Cette maison, je l’ai visitée des centaines de fois, dans mes rêves. Un pur chef d’œuvre d’architecture vu de l’extérieur, et tout aussi incroyable une fois à l’intérieur. Montée sur deux étages et entièrement faite de verre et d’acier, elle offre une vision à 360° époustouflante sur la capitale et la vie qui l’entoure. Intra-muros, certains s’y sentiraient épiés, moi je m’y sens parfaitement à l’aise et en sécurité. Tout en m’émerveillant d’une pièce à une autre, je déambule à la recherche du nouvel acquéreur avec qui j’ai rendez-vous. Alors que je suis subjuguée par le panorama qui s’offre à moi dès lors que j’atteins le balcon, je ressens une présence dans mon dos.

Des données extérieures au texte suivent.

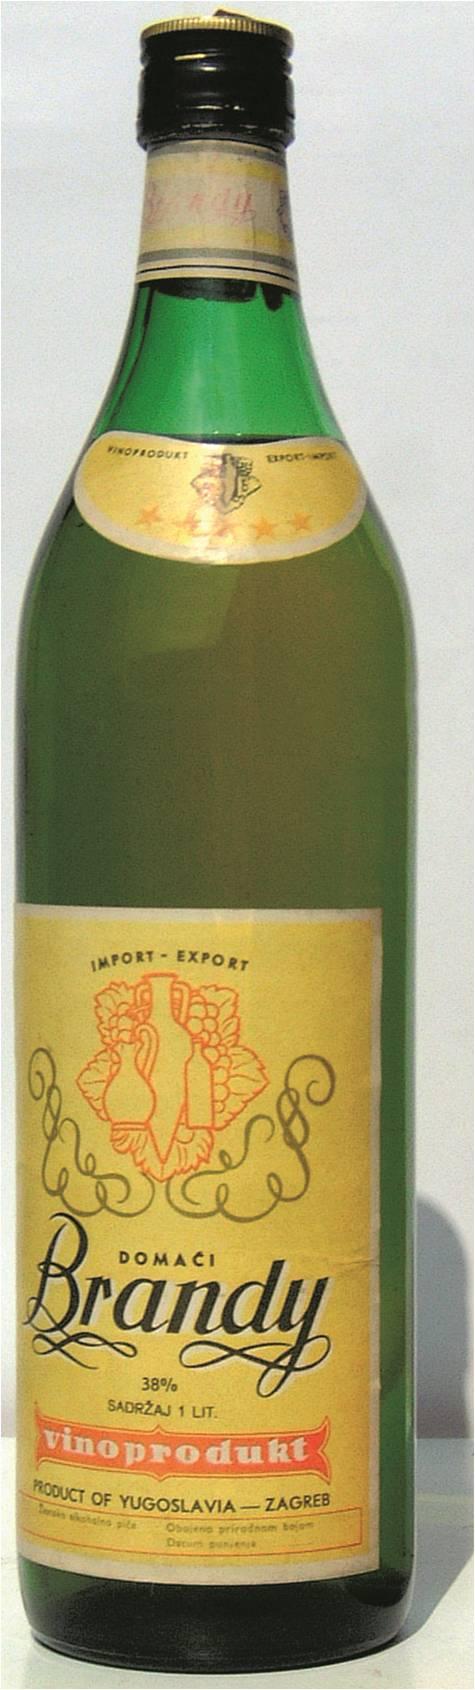 Vinoproduktov Brandy domaći oko 1970. (Fotografija Badel 1862)

— La vue est sublime, n’est-ce pas ?
Cette voix, je la reconnaîtrais entre mille. J’opère un demi-tour rapide, tremblante et quelque peu suffocante.
— Éva ?!
Comme si je venais de toucher un fil électrique, un courant me traverse de la tête aux pieds au moment où je me retrouve face à la femme qui hante mes pensées depuis des semaines.
— Bonjour, Andréa.
[…]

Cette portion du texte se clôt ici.